━━━ DATA PROVIDED

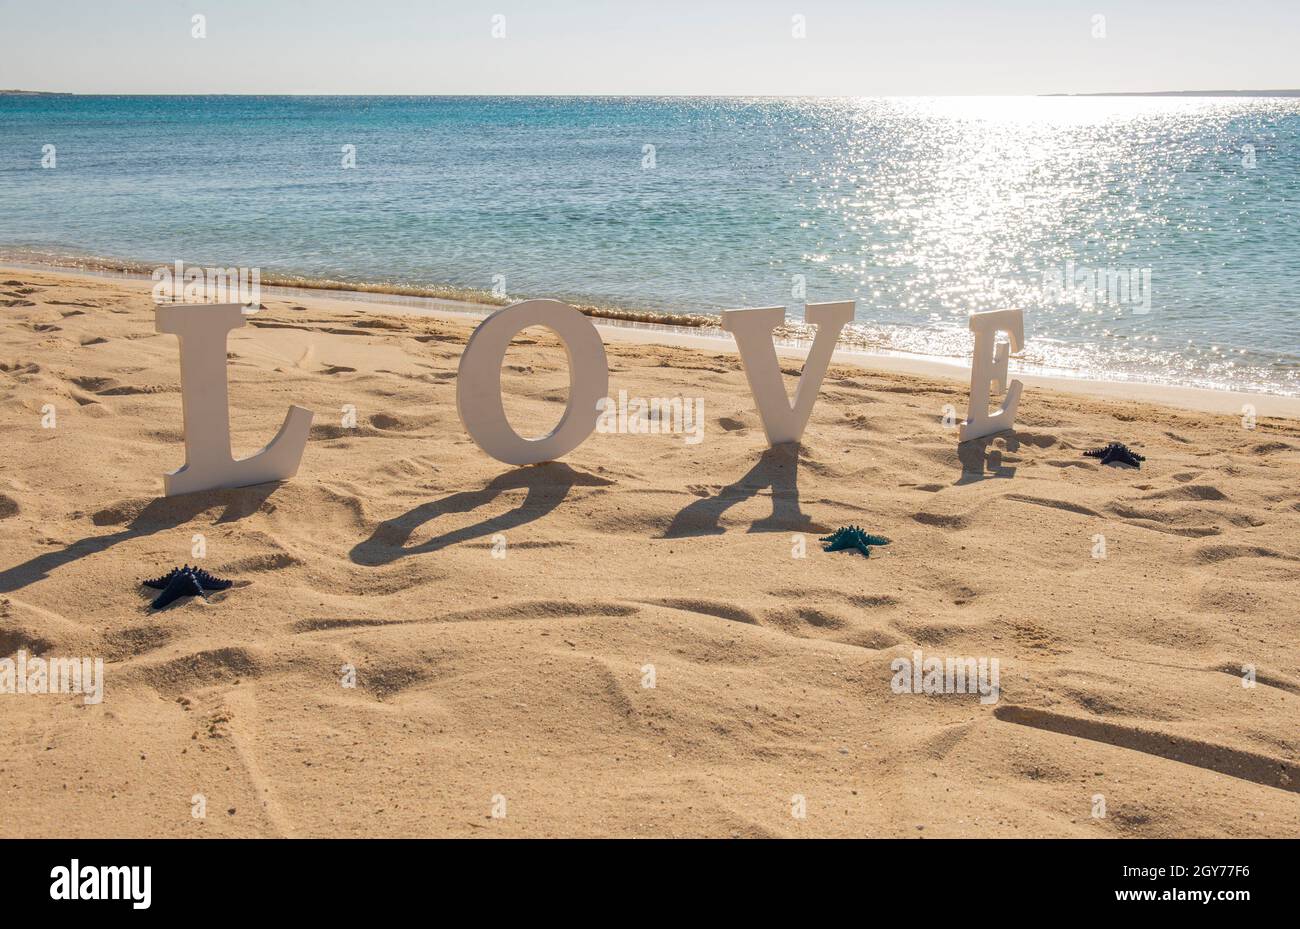 Gros plan du signe romantique de l'amour sur une plage de sable de l'île tropicale paradis avec l'océan en arrière-plan Banque D'Images
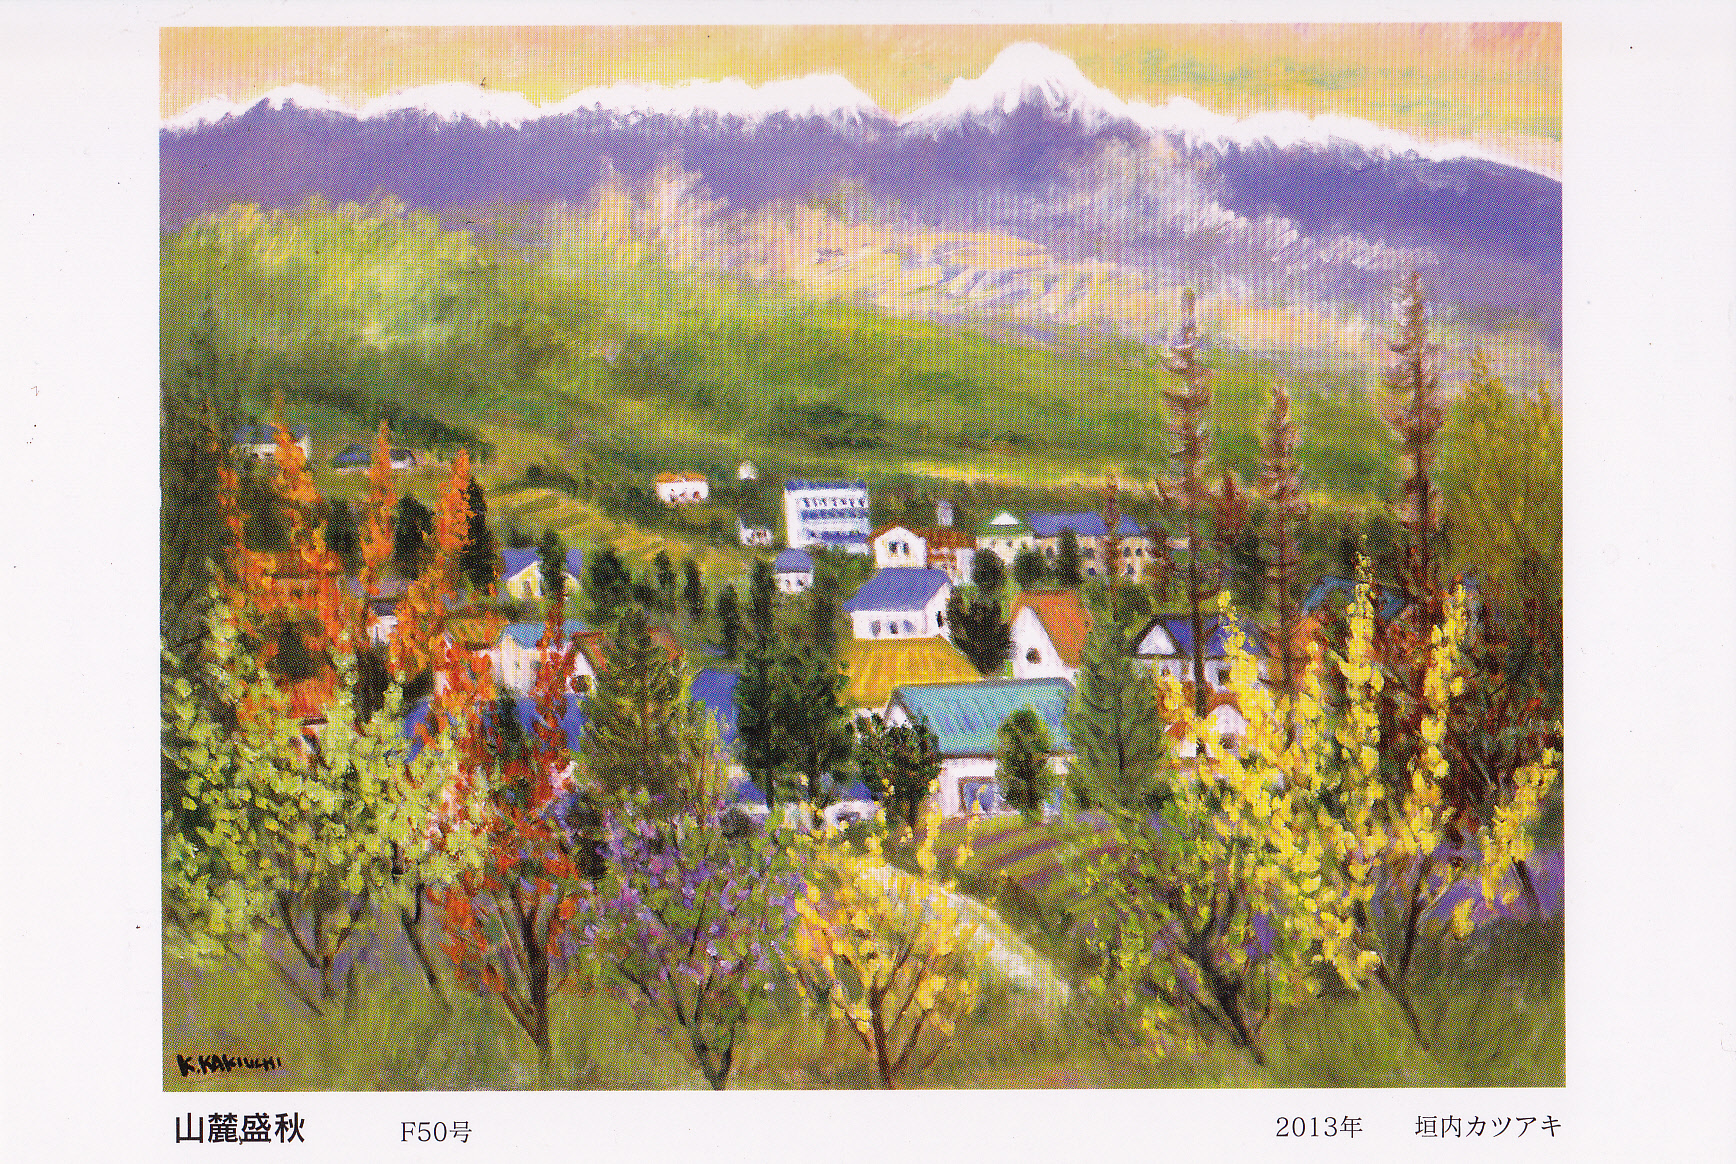 垣内カツアキ、「山湖秋景(信州の山と湖)」、希少画集の額装画、四季、風景ご了承お願いします
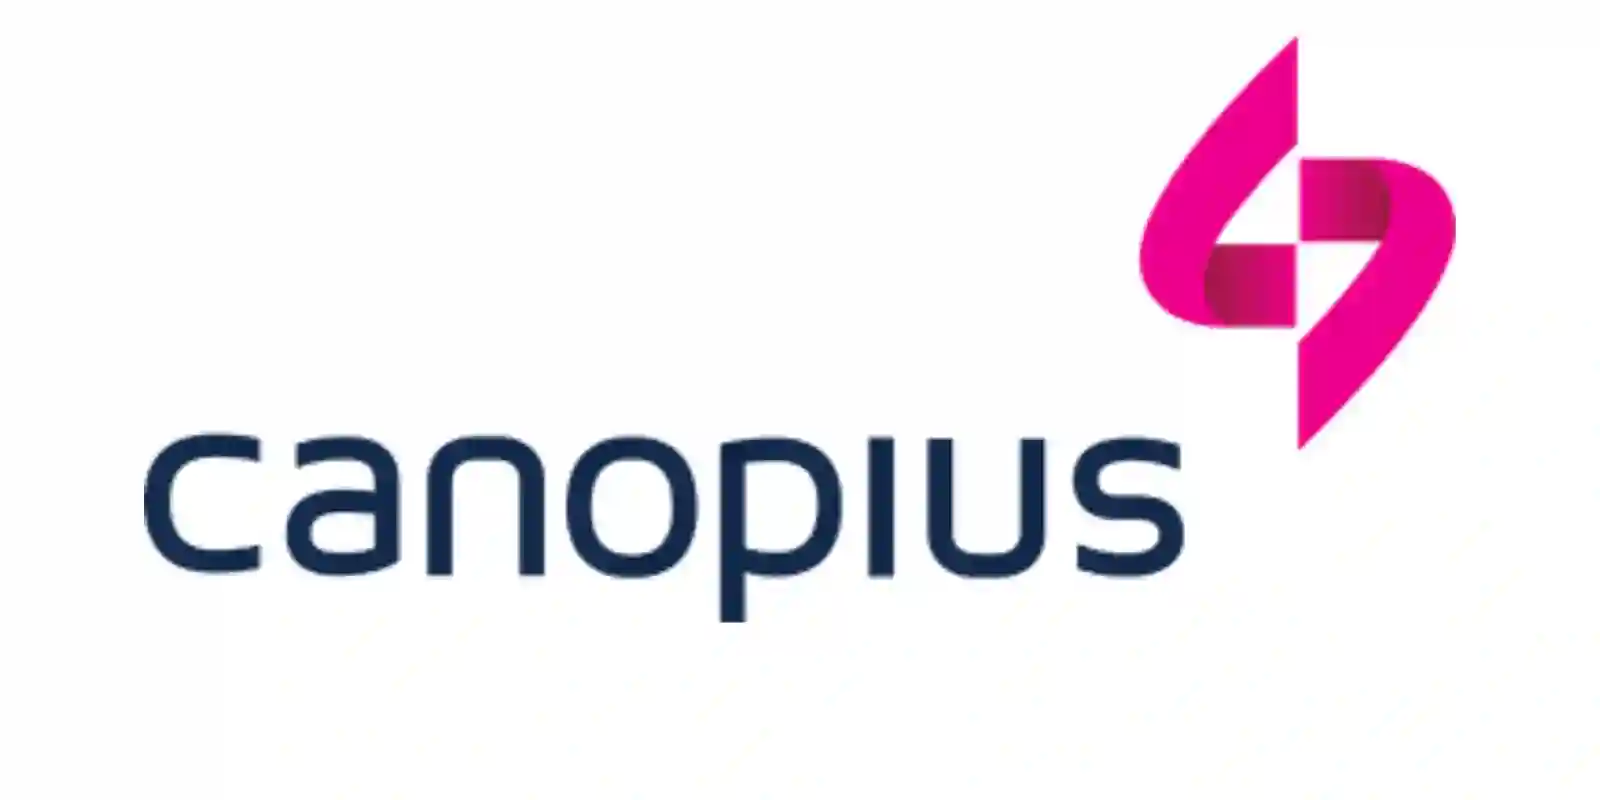 Canopius logo

━━━━━━

WHAT IS REQUIRED – Pictures stay out. Everything else in the listing gets printed exactly.

EXERCISE OUTPUT –
 Gros plan du signe romantique de l'amour sur une plage de sable de l'île tropicale paradis avec l'océan en arrière-plan Banque D'Images
 垣内カツアキ、「山湖秋景(信州の山と湖)」、希少画集の額装画、四季、風景ご了承お願いします
 Canopius logo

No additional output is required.